The nickname Big data is used for anything which have to do something with storage, but people still do not understand exactly what that term technically refers to. What it has to do with Analytics ? Making it clear is necessary to divide the Big Data Archives in two distinct types: Big Data for analytics for Big Unstructured Data. That makes Management of Unstructured Data easier. The large data stores to perform statistical analysis has become a popular paradigm in the last decade and also thanks to many research projects that have been able to innovate the Management of Unstructured Data. This new technology has allowed researchers of any field of study to capture data in high quantities and with an ease that was not possible before. Think of any scope in which there are installed sensors that constantly capture information about a task and sent to a platform for analyzing and questioning to discern information. Agriculture, administration, medical all disciplines have benefited greatly from these innovations. This is the importance of Management of Unstructured Data.
Management of Unstructured Data : Basics
From here, however the problem of evolving traditional systems of storing large amounts of data in database technologies different from the one relational arises, which became every day more obsolete.
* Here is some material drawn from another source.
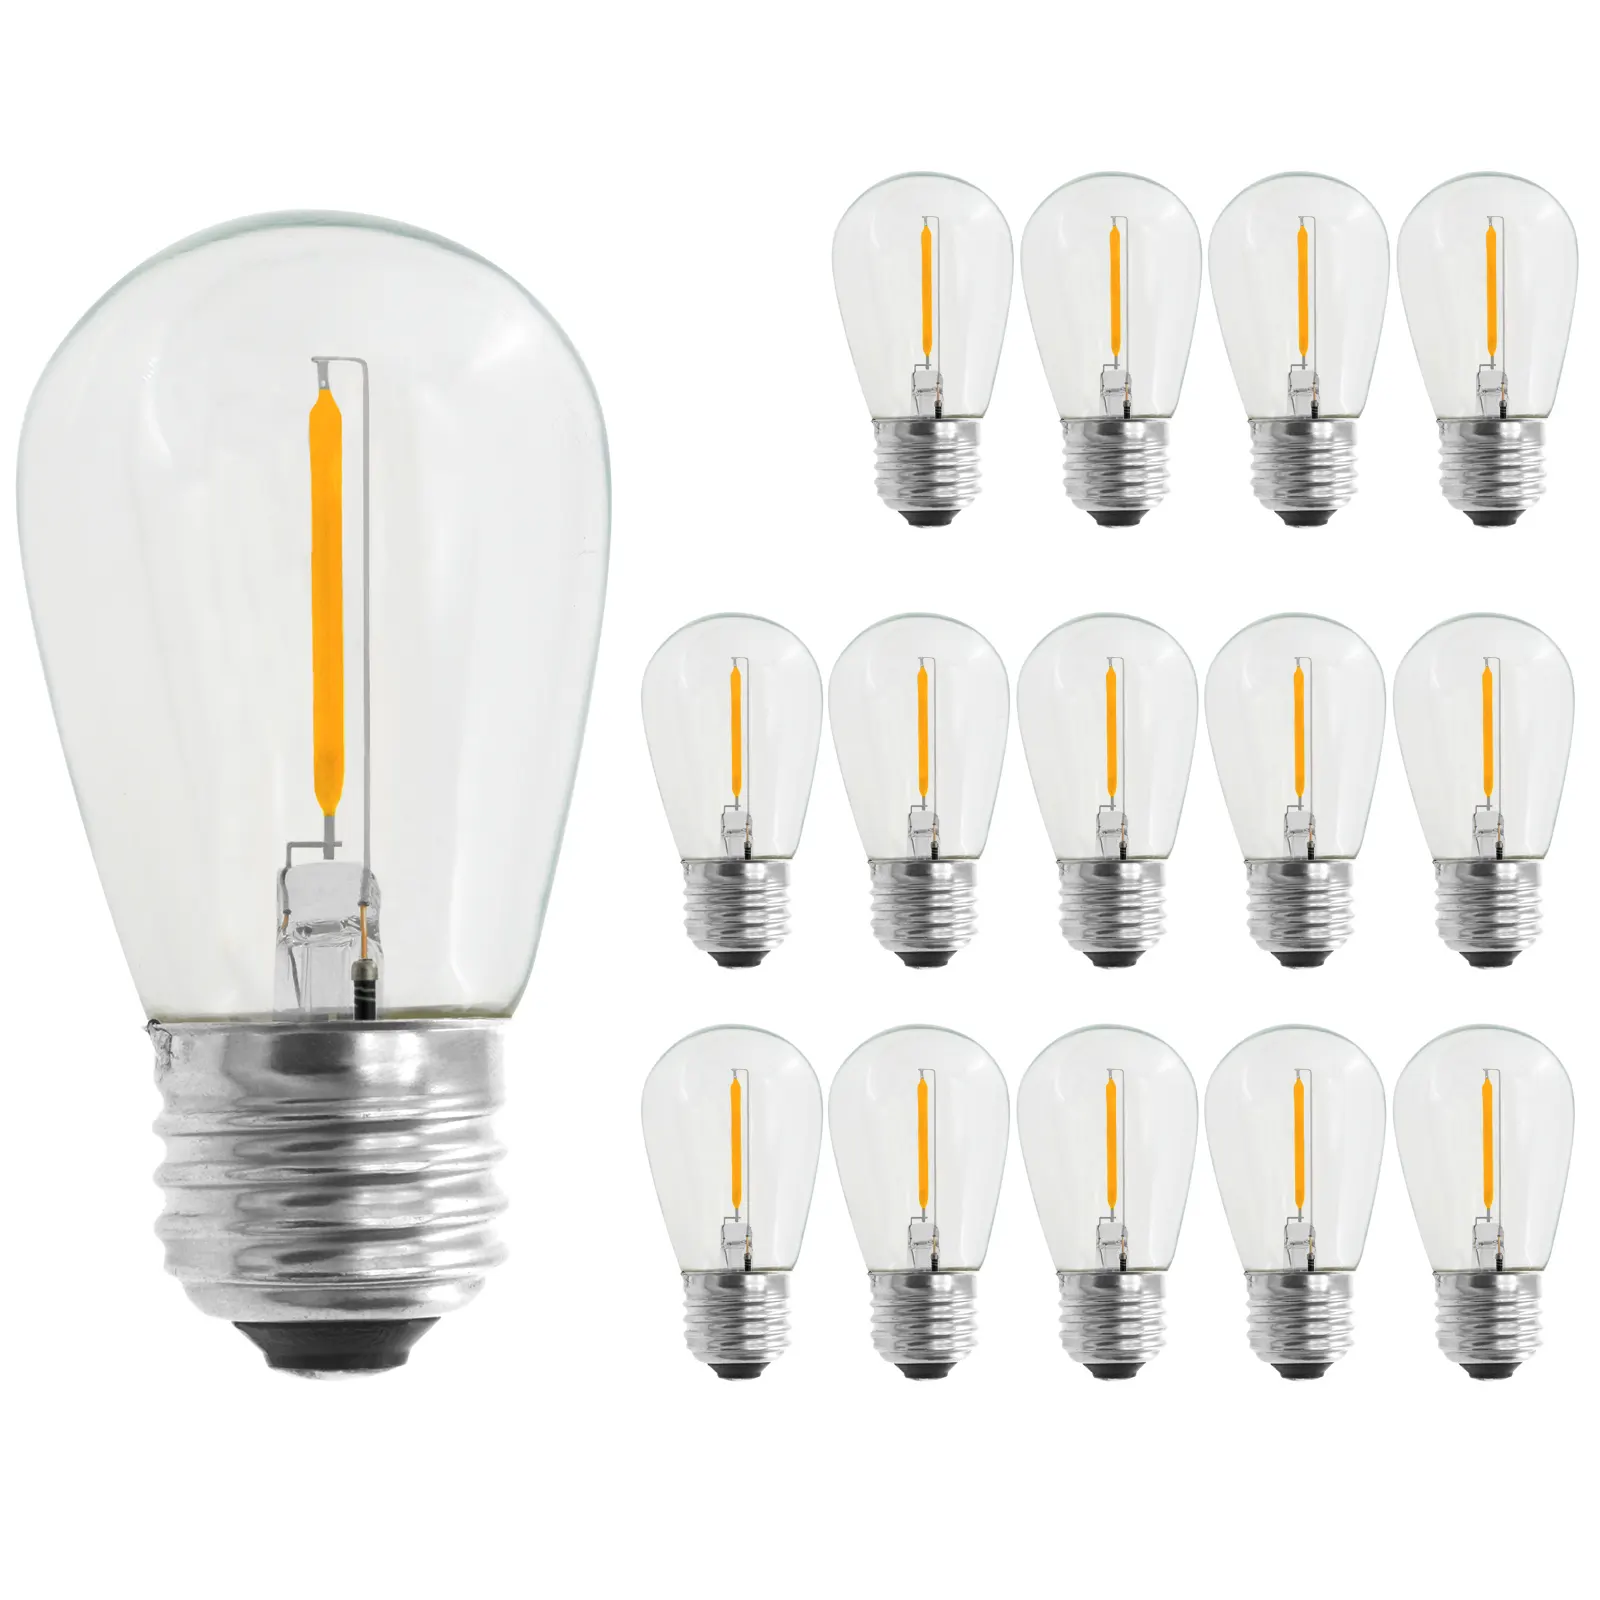 Bulb Hot Sale UL Certification 220V E26 S14 0.7W Plastic Shatterproof Led Filament Bulb For Outdoor String Light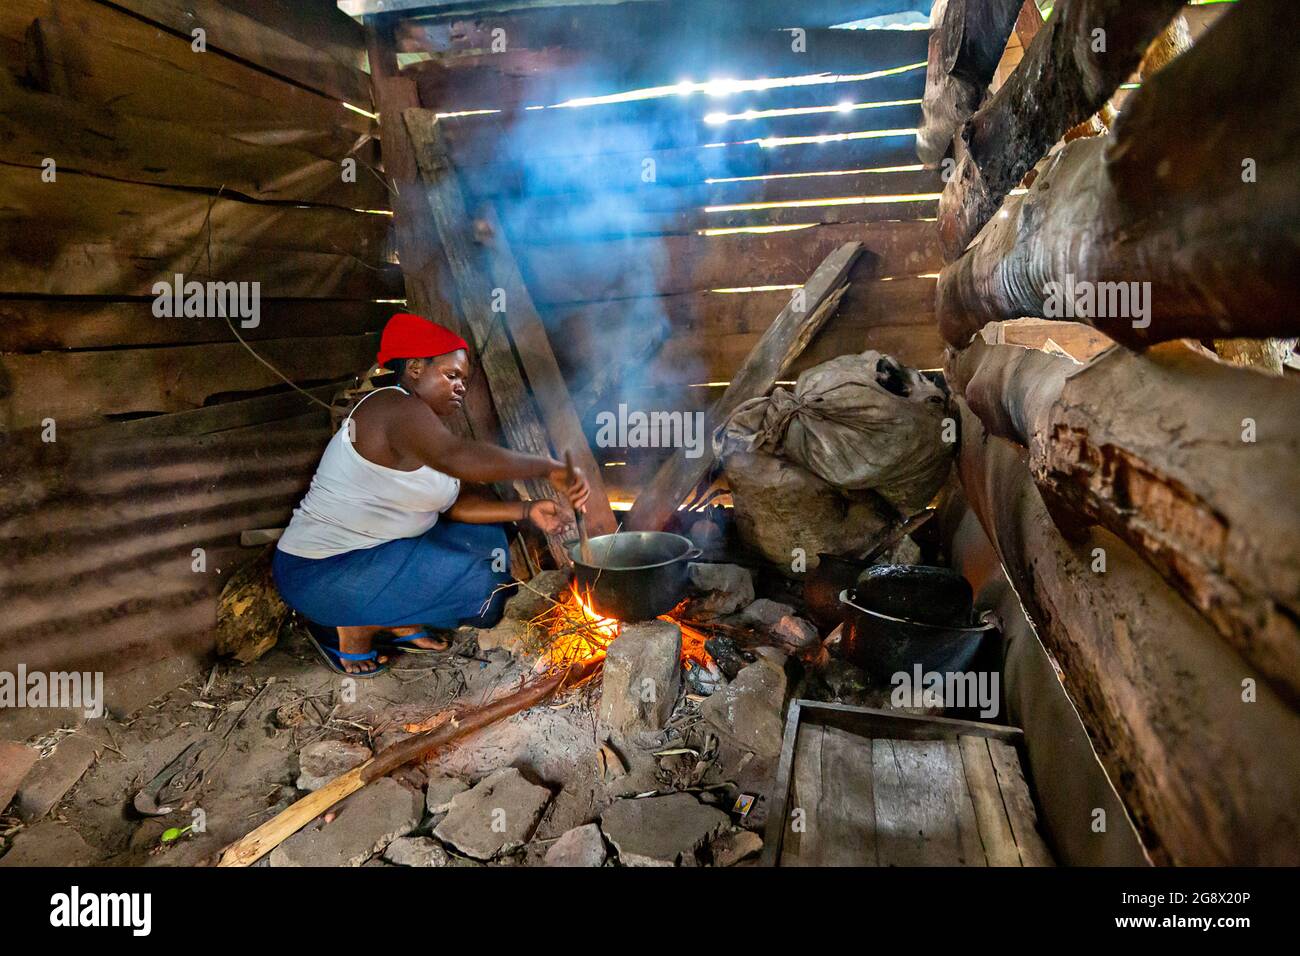 Local woman lighting the fire in the village hut in Kibale, Uganda Stock Photo

Systems like Hadoop were then created as an alternative to relational model and they made it possible to store this massive amount of data such as large file threads. The phenomenon of Big Data for semi-structured data took birth.
Today we are witnessing a similar trend for unstructured data. Studies show that the requirements of data storage will grow by 30 times over the next decade. About 80 percent of these data are large files: office documents, movies, music, pictures. In a similar way as the databases has evolved over the past decade, the file system must now evolve as they are no longer the best way to store this data. They are not able to scale sufficiently and are becoming obsolete.
More on Management of Unstructured Data
An illustrative example is given by what Picasa does for us: up to a little ‘time ago we stored the images at their best in organizing a file system (possibly with a good backup). A folder per year, a month, or for a holiday and one for each party. Today we just unload all the images in a folder and Picasa reorders based on the date, location, face recognition or other metadata. With a smart query, we can view the images we are looking for very quickly, much faster than file systems. And we no longer have to worry about having a backup of that data so that we may store copies in the cloud automatically.